Funding Partner: Singapore PUB
Total Budget: $211,788 (Cash: $100,000, In-Kind cash and service: $ 111,788)

Principal Investigator: Andrew Salveson, Carollo Engineers


As communities move towards more direct potable reuse (incorporation of highly purified recycled water into a drinking water source without an environmental buffer), it will be imperative to provide utilities with guidance on sizing, design, and response procedures for potential changes in water quality in engineered storage systems as they will become increasingly important in overall water management. The availability of an engineered storage buffer is a key element in direct potable reuse using current treatment and monitoring techniques. With the purpose of an engineered storage buffer being to provide response time to identify treatment failures, implement appropriate actions, and a final monitoring point where the water quality can be validated for potable reuse before being introduced into drinking water.

In densely populated urban environments, it will be more cost effective to store advance-treated reclaimed water at or near the point of need to minimize energy consumption.

While it is well documented that drinking water quality may deteriorate in storage and distribution systems, changes in reclaimed water may be exacerbated by its relatively higher levels of nutrients and organic matter energy sources. However, there are no known existing guidelines on reclaimed water storage quality, except for requirements to maintain 5 mg/L free chlorine in the state of New South Wales (NSW Recycled Water Co-ordination Committee (RWCC). NSW Guidelines for Urban and Residential Use of Reclaimed Water, 1st May 1993).

What does exist are numerous guidelines and regulations for reclaimed water quality criteria for specific end uses, including criteria for aquifer storage and recovery (NRC, Water Reuse: Potential for Expanding the Nation’s Water Supply Through Reuse of Municipal Wastewater. National Research Council, Washington D.C., p. 363. 2012) and wastewater reuse (US-EPA, 2012 Guidelines for Water Reuse. USAID, USDA, NIFA compiled by CDM Smith for the U.S. Environmental Protection Agency, p. 341.) Nonetheless, it is unclear how best to manage engineered storage and water recovery systems. There is also a lack of research pertaining to reclaimed water quality changes over time in engineered storage and distribution systems.

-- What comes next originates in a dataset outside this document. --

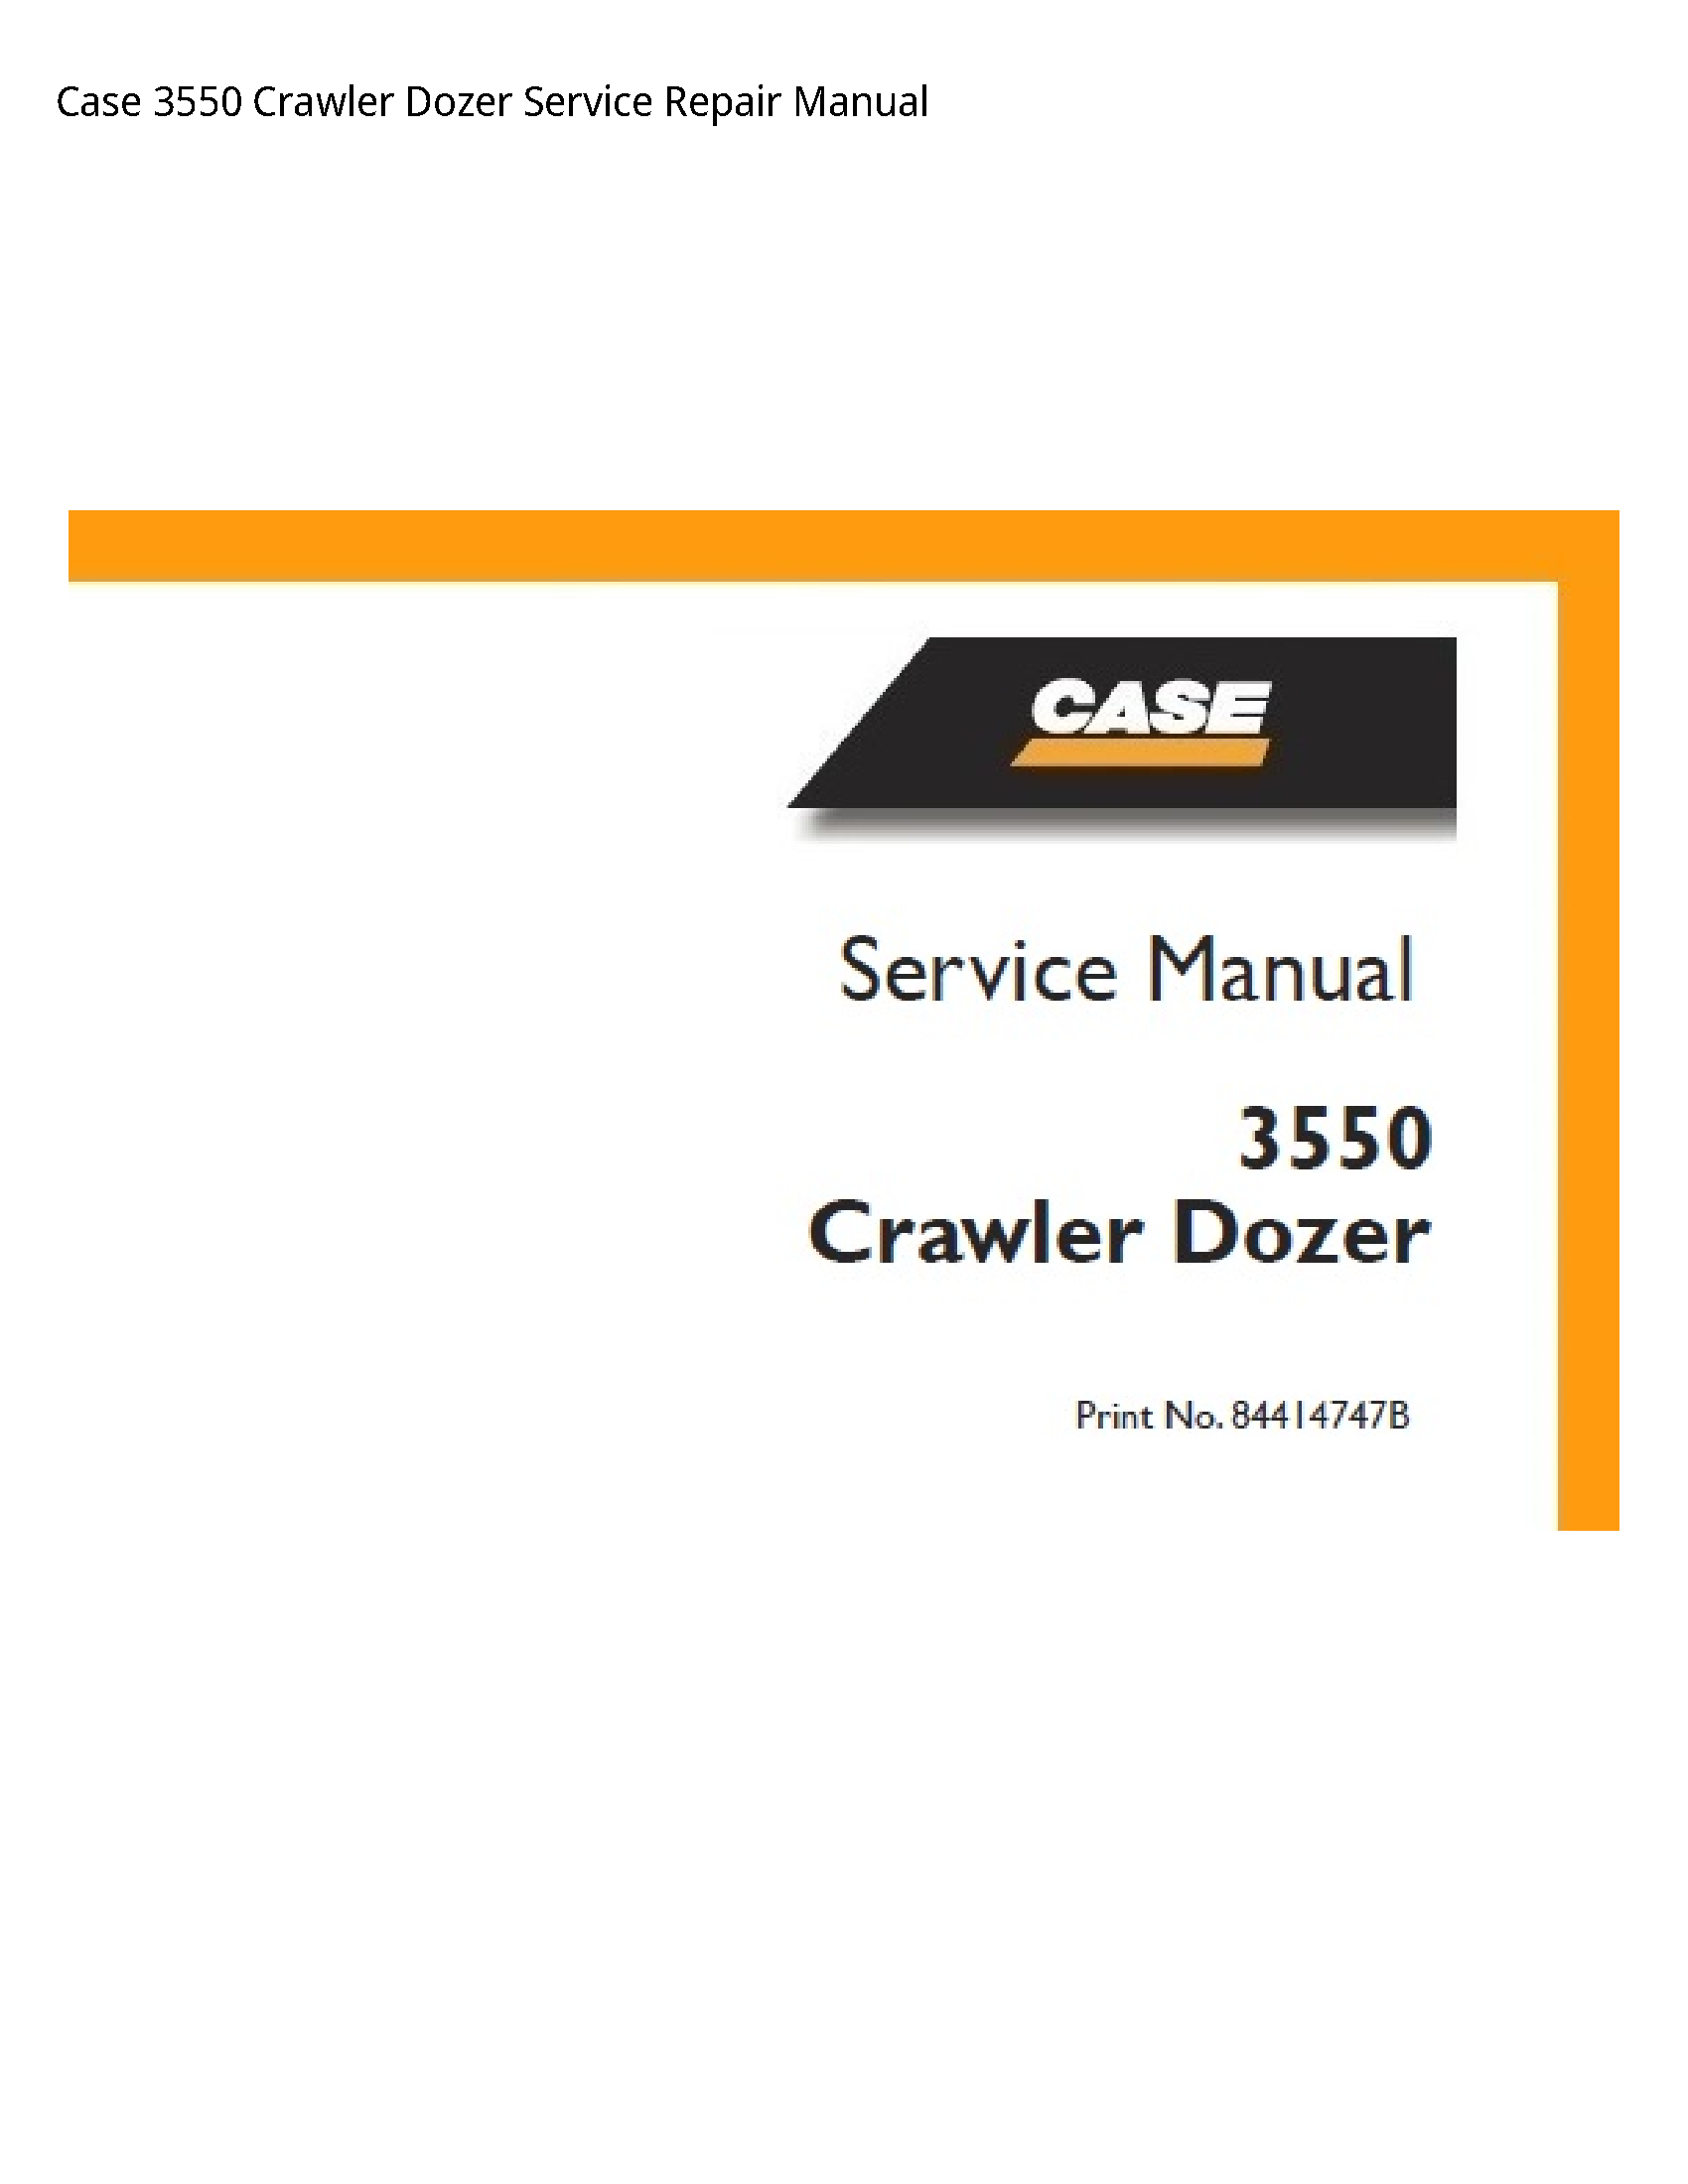 Case/Case IH 3550 Crawler Dozer manual

Therefore, the engineered storage buffer must be of a sufficient capacity to allow for the protection of public health from inadequate treatment and for the measurement of specific constituents to be assured that the quality of the water provided meets all applicable public health standards. Guidance on the best configuration for storage facilities is needed in order to protect public health.

Goals and Objectives

The project will develop recommendations for optimizing engineered storage systems for direct potable reuse; this will be accomplished through examining current practices and existing research to generate a guidance document and report.

Research Approach

Task 1: Literature Review and Knowledge Transfer: This project will tap into a range of directly relevant research and experience. There are several ongoing WateReuse Research Foundation projects and recent reports that overlap with this effort, including the following:

  • WRRF 11-10: Evaluation of Risk Reduction Principles for Direct Potable Reuse
  • WRRF 10-05: Role of Retention Time and the Environmental Buffer of Indirect Potable Reuse Projects
  • WRRF 11-01: Monitoring for Reliability and Process Control of Potable Reuse Applications
  • WRRF 11-02: Equivalency of Advanced Treatment Trains for Potable Reuse
  • National Research Council (NRC). Water Reuse: Potential for Expanding the Nation’s Water Supply Through Reuse of Municipal Wastewater. The National Academies Press. 2012.
  • Tchobanoglous, G., H. Leverenz, M. Nellor, and J. Crook, Direct Potable Reuse – A Path Forward, WateReuse Research Foundation Report. 2011.
  • Law, I., The Future Direction for Potable Reuse, Water, Vol 35, No 8, 58-63, December 2008.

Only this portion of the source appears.